但只是,次日一早起來,便傳出了女皇生病的訊息。
女皇病著,食醫也要知曉病情才好準備相應的藥膳。
程尚食把杜清檀帶著去了女皇的住處,聽聞乃是風寒,卻也不敢掉以輕心。
畢竟這位年紀大了,七十好幾,一個不小心,風寒也會致命。
杜清檀正看著脈案,張氏兄弟和梁王便一前一後地走了進來,都在問女皇的病情。
張五郎不露痕跡地看了杜清檀一眼,假裝不在意地問梁王:「聽聞殿下昨夜腹瀉,可好些了?」
「有勞五郎掛念,已是好多了。」梁王不是很高興地道:「杜典藥開的方子,還能有錯?」
明明是挖苦,杜清檀卻把它當作誇獎,低眉頷首:「殿下謬讚,下官慚愧。」
梁王懶得理她,這種無恥之徒,打不得卻又離不得,和她計較就是浪費精神。
這情形落到張五郎眼中,卻又是另一種感覺。
怎麼看,都像是梁王刻意在聖人面前遮掩撇清他與杜清檀的關係。
畢竟,杜清檀乃是聖人信重的食醫,與外臣關係密切可不是什麼好事兒。
張五郎自認為看清楚了這段關係,便放下了對杜清檀的那點念想。
他之前不過看她年輕美貌又有特色,便想嚐嚐鮮。
既然她有梁王護著,他便換個人選好了。
美人多的是,不值當為了這麼點事與梁王交惡。
於是,張五郎哈哈一笑,轉身走了,再不曾多看杜清檀一眼。
杜清檀由衷鬆了一口氣,這番借勢,效果不錯。
接下來,她只要穩住,就能全身而退。
然而女皇的病卻是越來越嚴重,連續發熱不退,臥床不起。
這可把人嚇壞了,畢竟一旦女皇駕崩,朝政必然震盪不安,他們這群隨扈之人便都可以去死了。
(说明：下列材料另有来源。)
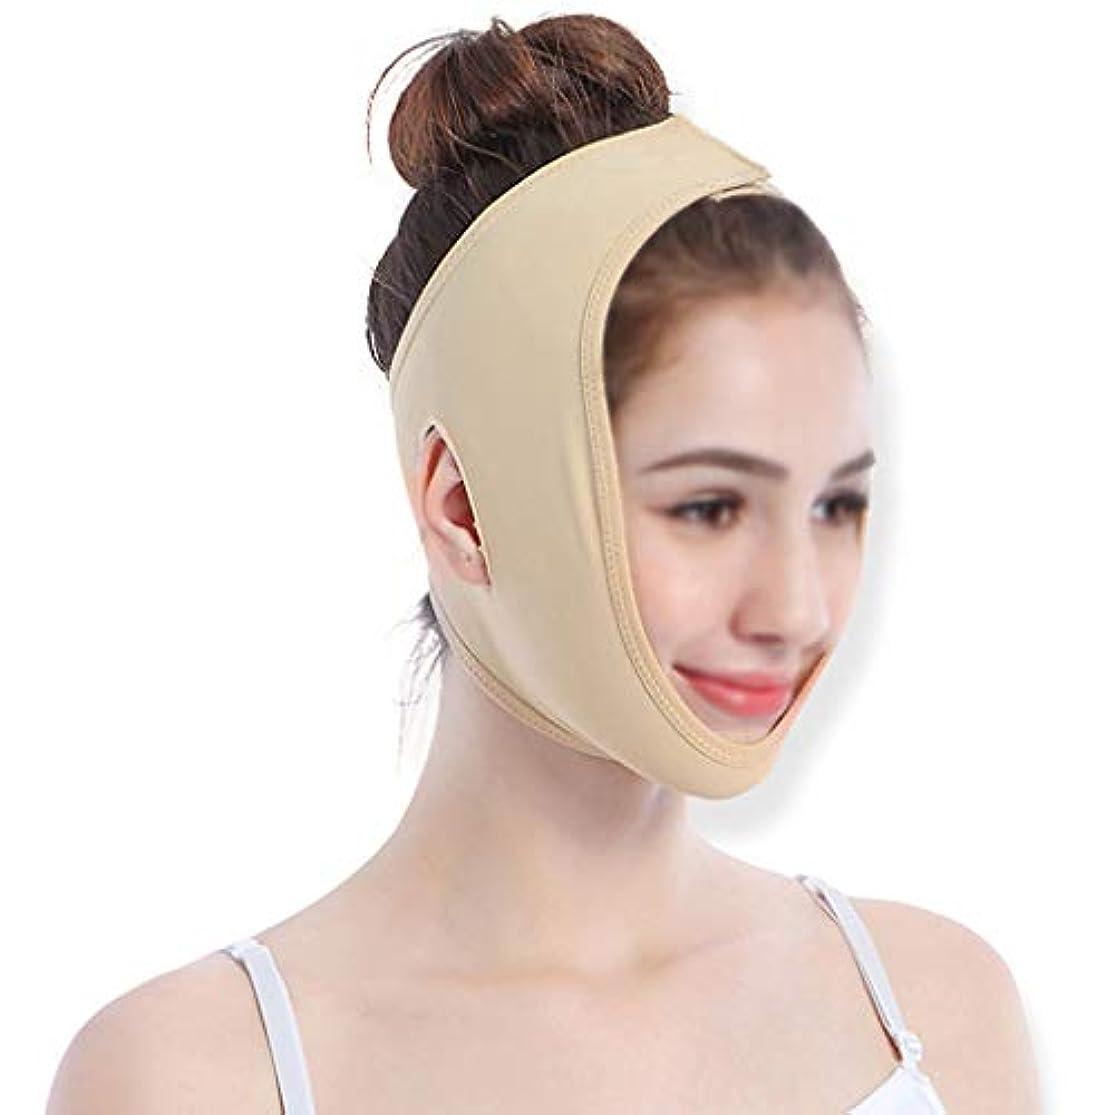 理容師一過性実用的GLJJQMY スリムな包帯V顔の顔のアーティファクトは、女性と女性のための繊細な顔のしわ防止フェイシャルツールを向上させます 顔用整形マスク (Size : M)

其中最為驚恐的人又屬張五郎,原因無他,女皇生病前夜,是他纏著女皇玩樂了半宿。
一早起來,女皇就發了病,若是細究,便是他的錯,所謂禍國殃民,男顏禍水,都是他。
抄家滅族不過旦夕之間。
驚恐之中,他便生出來一條毒計。
傍晚,杜清檀正在為女皇熬製粥品,忽見五六個宦官大步而來,厲聲道:「誰是杜清檀?」
喧鬧的廚房一下子靜止了,所有人都看向杜清檀。
那幾個宦官立刻走上前來,冷笑道:「杜典藥,有件事要問你,跟咱們走一趟吧。」
宋大娘和嶽麗娘對視一眼,一個跑去給程尚食報信,一個上前詢問。
嶽麗娘擋在杜清檀的面前:「怎麼回事呀?你們是哪裡的人?誰下的命令?」
為首的宦官冷笑道:「自然是聖人下的令,令牌在此,誰敢阻攔便是同謀!」
嶽麗娘回頭看向杜清檀,不知所措。